The first thing Spade does after he sees Archer’s dead body is to phone Effie,
to break the news to Iva and keep her away from him. Iva is always bursting in,
and in fact she admits to calling the police and telling them to go to Spade’s
apartment after she sees him enter the building with Brigid. This is how Iva and
Sam get along:
“She
was a blonde woman of a few more years than thirty. Her facial prettiness was
perhaps five years past its best moment. Her body for all its sturdiness was
finely modeled and exquisite. She wore black clothes from hat to shoes. They
had an impromptu air... Iva came quickly to him, raising her sad face for his
kiss. Her arms were around him before his held her, When they had kissed he
made a little movement as if to release her, but she pressed her face to his
chest and began sobbing. He stroked her round back, saying “Poor darling.” His
voice was tender. His eyes, squinting at the desk that had been his partner’s,
across the room from his own, were angry. He drew his lips back over his teeth
in an impatient grimace and turned his chin aside to avoid contact with the
crown of her hat.”
[Novel.409]
But
Brigid O’Shaughnessy has the center of attention whenever she appears, and
becomes Spade’s obsession (both professionally and otherwise) for the bulk of
the story. For Spade, Iva is an unwelcome intrusion; and Effie is his pricipal
ally on this front.
This is
Brigid’s entrance:
“A
voice said, “Thank you,” so softly that only the purest articulation made the
words intelligible, and a young woman came through the doorway. She advanced slowly,
with tentative steps, looking at Spade with cobalt blue eyes that were both shy
and probing. She was tall and pliantly slender, without angularity anywhere.
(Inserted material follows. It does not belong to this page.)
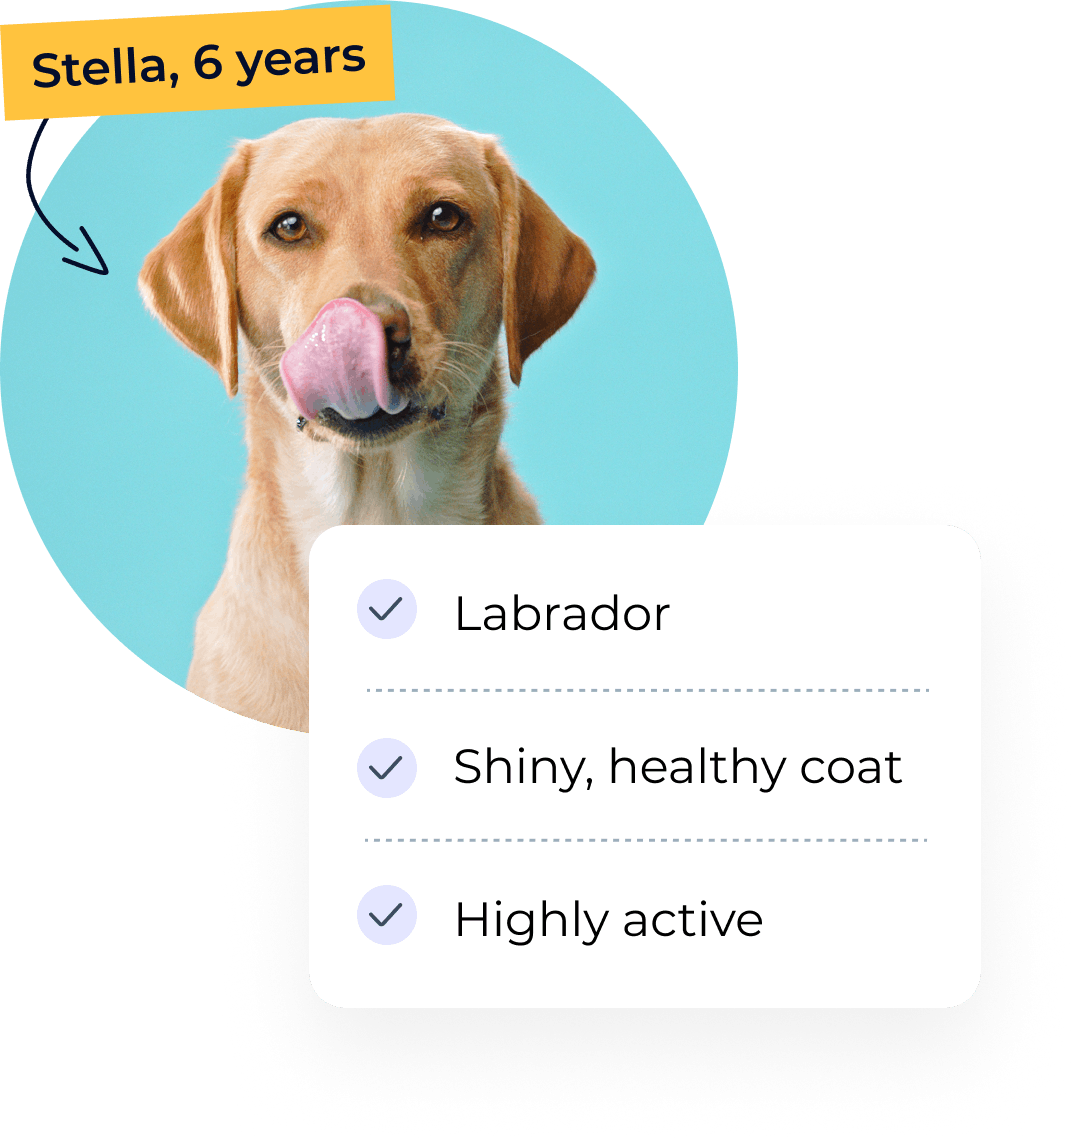 Stella - Labrador, 6 years old
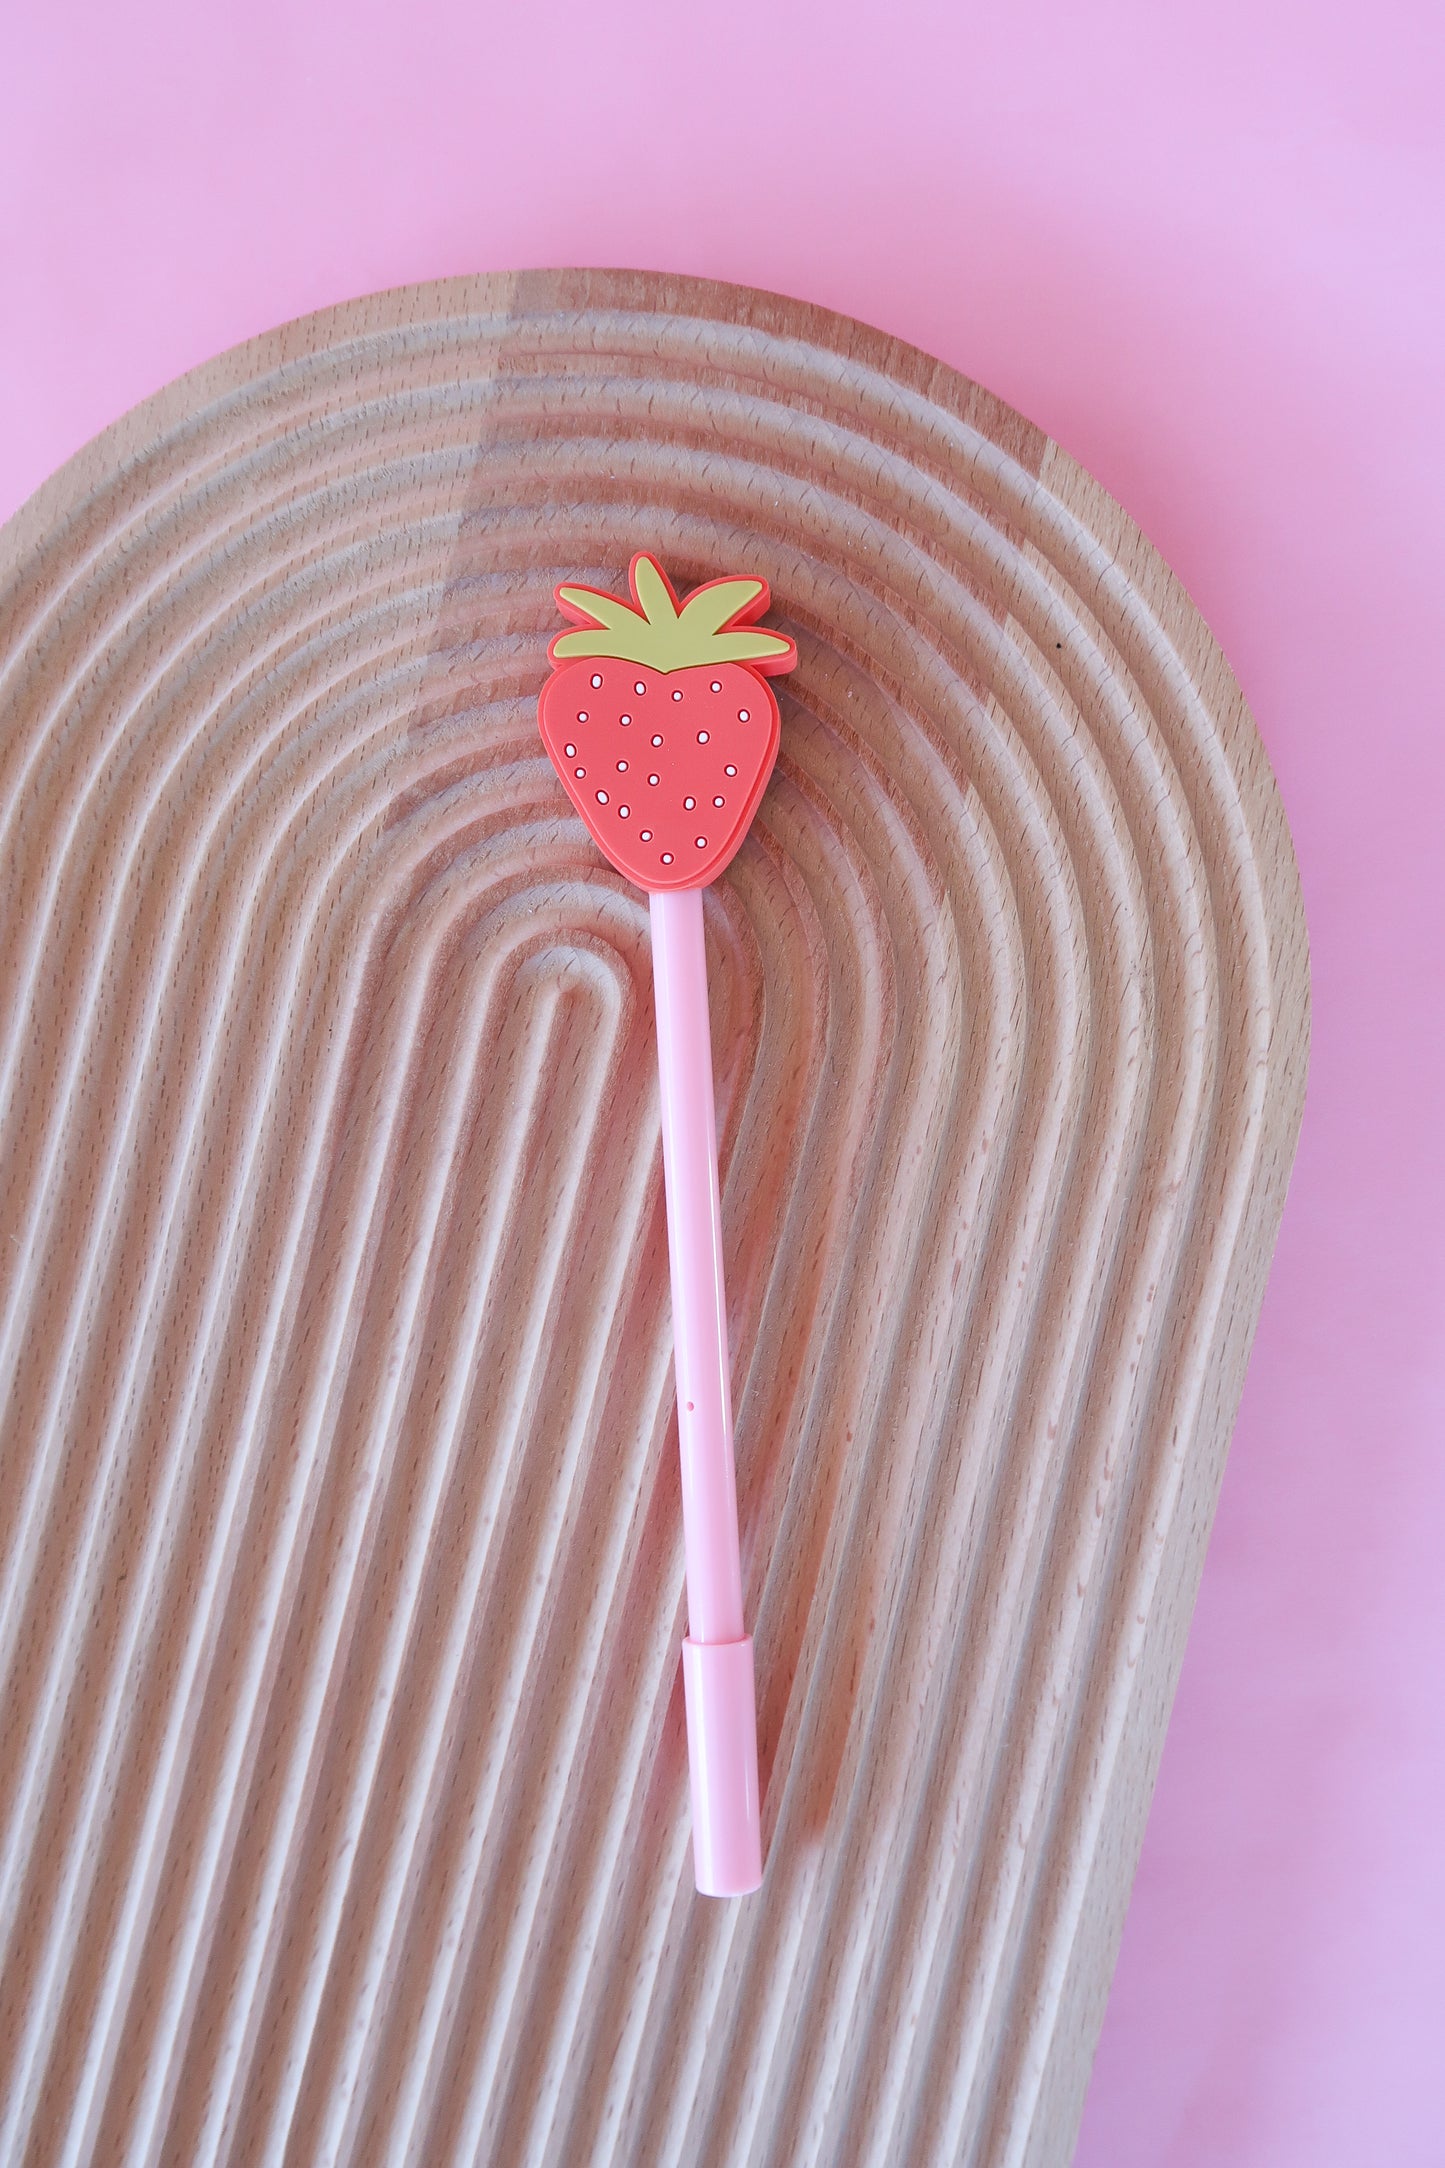 Strawberry Pen

Her body was erect and high-breasted, her legs long, her hands and feet narrow.
She wore two shades of blue that had been selected because of her eyes... White
teeth glistened in the crescent her timid smile made.” [Novel.391]
In the
jealous triangle, Effie hates Iva, Iva hates Brigid, and Brigid is oblivious to
the other two. Effie’s attitude towards Brigid is unexpected, but at least it
balances: a negative of a negative is a positive. And Effie is so loyal to Sam
that she roots for him in his love affairs too. This sets up a surprise
conclusion-- which is definitely not in the film.
The
film, as we know, ends with Brigid descending in the elevator cell on her way
to the gallows. The book adds one more brief scene. It is Monday morning, and
Effie if reading the newspaper when Spade arrives.
“Is
that-- what the papers have-- right?”
she asked...
Her
girl’s brown eyes were peculiarly enlarged and there was a queer twist to her mouth. She stood beside him,
staring down at him.
He
raised his head, grinned, and said mockingly: “So much for your woman’s
intution.”
Her
voice was a queer as the expression on her face. “You did that, Sam, to her?”
...He
looked sharply at her. He put his arm around her waist, his hand on her hip.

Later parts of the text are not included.